Eight of us turned up on that dark winters morning and had just cycled up Baby Head Alley. We continued the dark ascent when three headlights made their speedy way towards us. Imagine our surprise when the last rider slowed down, stopped, and greeted us. It was none other than The CrackMan himself! Hurt? Confused? Disappointed? Any number of emotions obviously filtered through the group.....
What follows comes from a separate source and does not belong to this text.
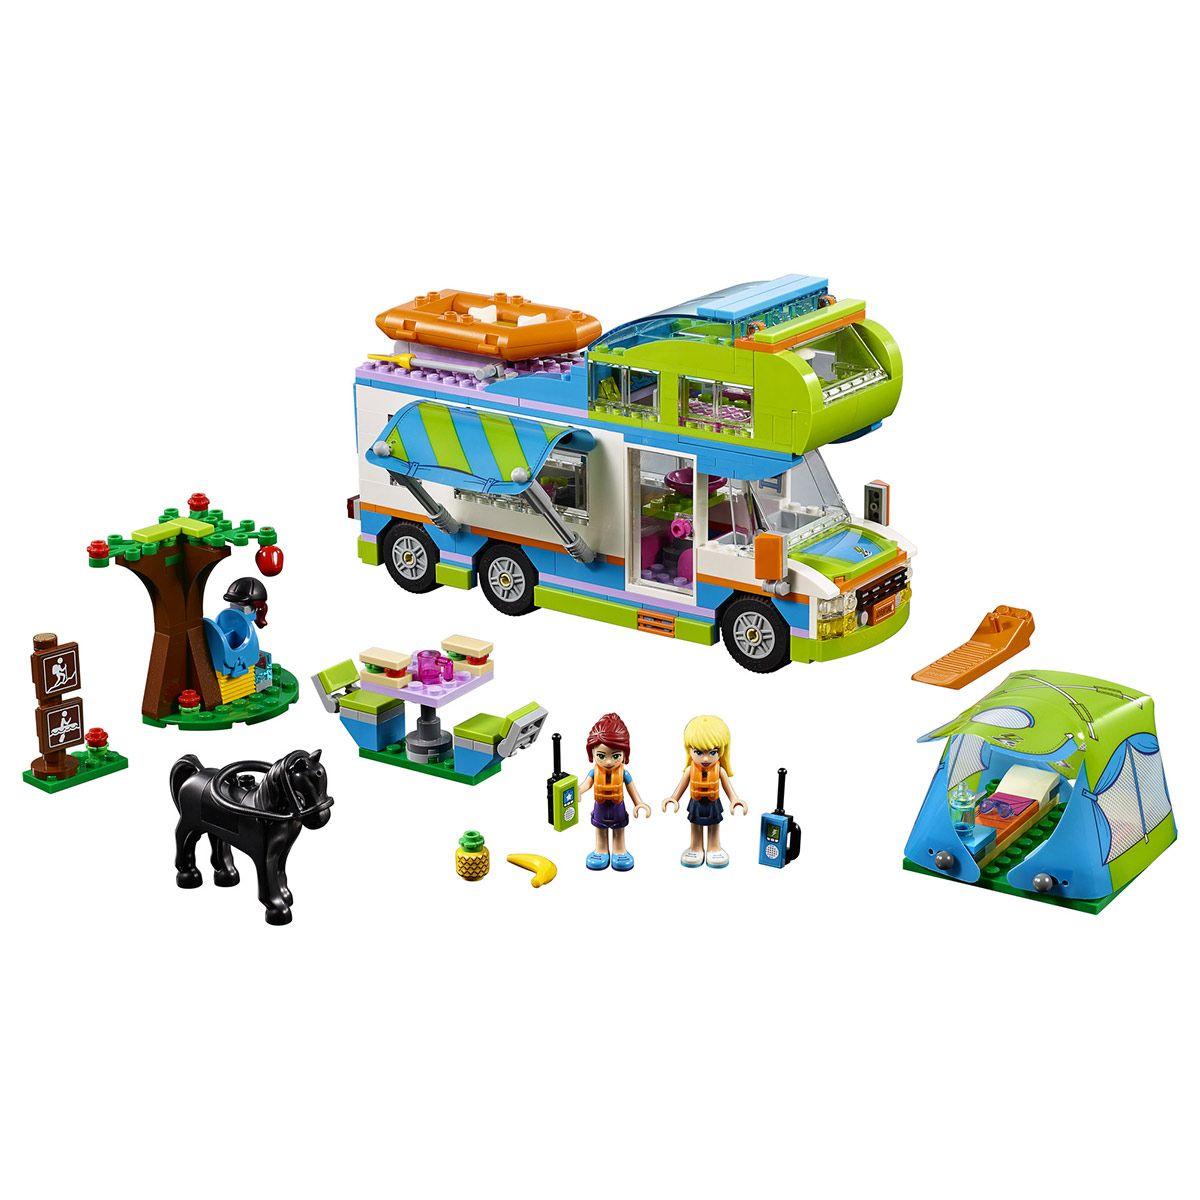 Camping De Et Friends Lego Le Car 41339 Sport La Aventures Mia eEDW29YHI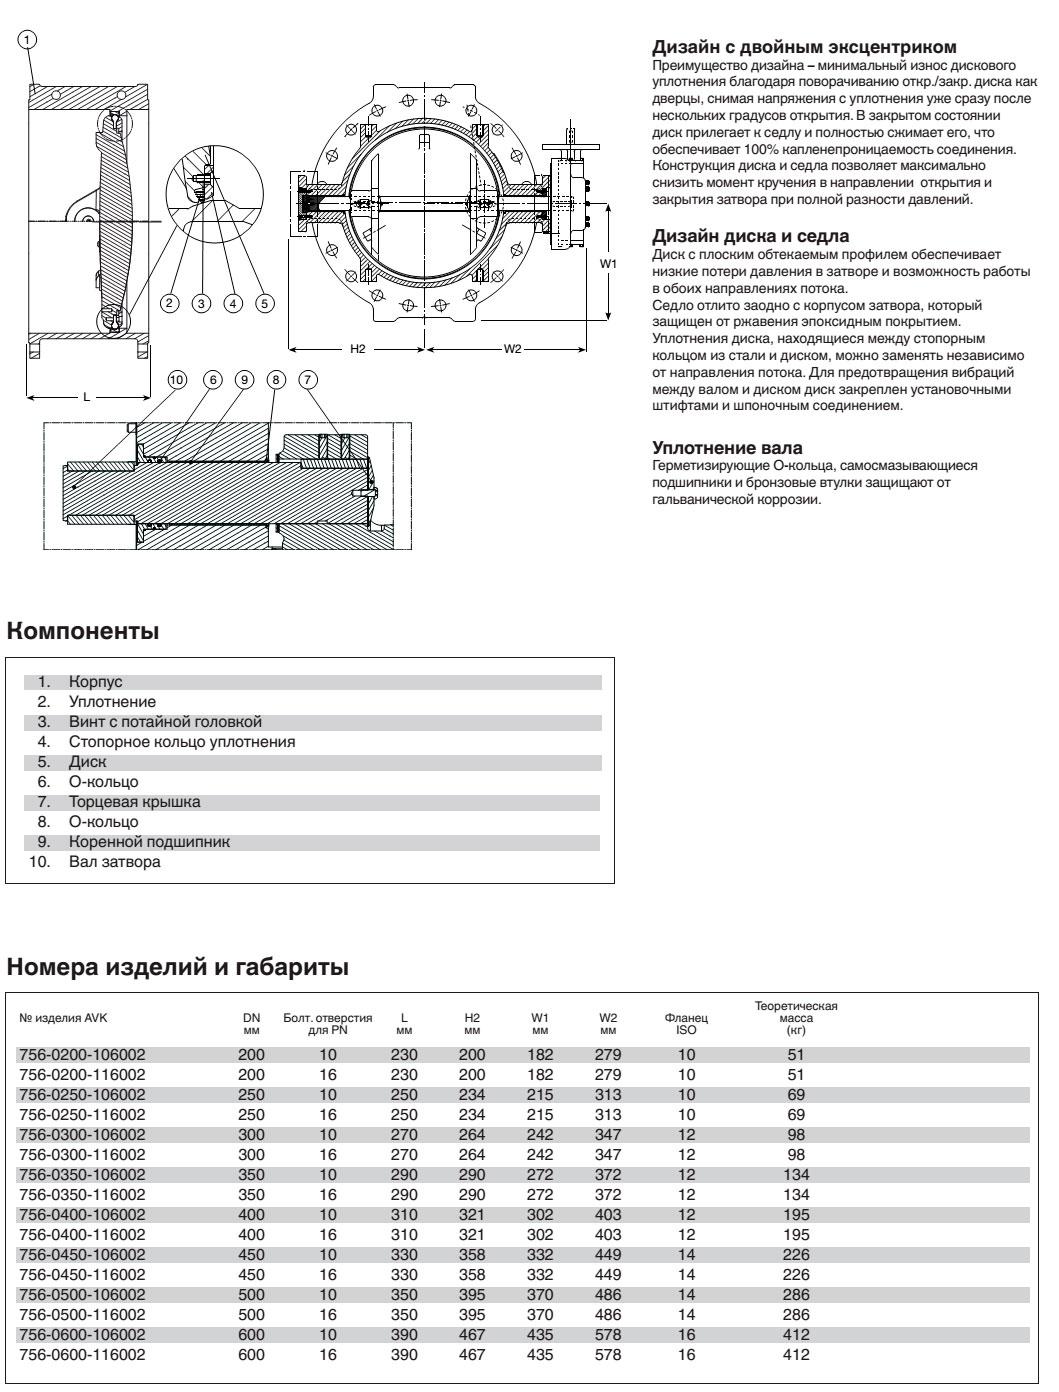 AVK затвор дисковый поворотный, PN 10/16

After a brief hello and goodbye, we realised that the CrackMan could've just said that we're too slow for him and opted to gang up with some other riders (a certain Epic John and Gavin Wood). But of greater importance, rather than that of our own social standing with The CrackMan, was the question of his offspring. Where were they? Who was looking after? Was Timmy's Russian tenant moonlighting as a babysitter from her regular Teazers job? Were they waiting in the bakkie....at 5am...in the CBD? There were simply so many unanswered questions. So we opted to create a few scenarios as to how this situation came about and how The CrackMan managed to pull this off:



The CrackMan's Top Tips on how to convert some baby sitting time into some riding time:

1. Up the Ponstan dosage - at 4am.
2. Trip the burglar alarm when you leave; and then offer the security call-out R100 to look after the kids while you're out
3.  SMS the Malawian garden boy the night before and ask that he come around a bit earlier. Like at 5am.
4.  Wake the kids early and tell them in a rushed and excited voice that this is their lucky day - National Hide and Seek champs! (Be back by 8am)
5.  Put the mattresses and the kids in the back of the bakkie. Drive into the CBD where the rest of your cycling mates are. Revert to point 1.
6.  Put the mattresses into the TV room the night before. Before you leave in the morning, turn on the TV and leave it on the DSTV kids channels. They won't even notice your absence.
7.  Record yourself the night before making moaning and groaning sounds, with the odd fart thrown in. Place on the docking station; leave it playing in the small toilet behind a locked bathroom door - your kids might approach the door every now and again and ask if you're OK - but they will be convinced you're home and get on with getting ready for school. (Optional to leave a bag of dog poo in the bathroom as well...)
8.  Leave the house quietly and lock everything with no keys in sight. Seriously, what could go wrong? (Leave the strawberry pops and milk out)
9.  The next time a call-centre operator wants to sell you something, get them to show you their persistence by agreeing to a meeting. At your house. At 5am..... (Leave the coffee out and the TV on)
10.  When you hear about your spouses movements, convince her/him that the kids really need to spend some quality time with her parents. The kids love them. They love the kids. Book the tickets that day. Arrange 5 days of cycling with your mates.....
The CrackMan shares some secret tips
Now - how did CrackMan arrange the secret ride? Simple:

Not that we felt like outcasts - but the message was clear....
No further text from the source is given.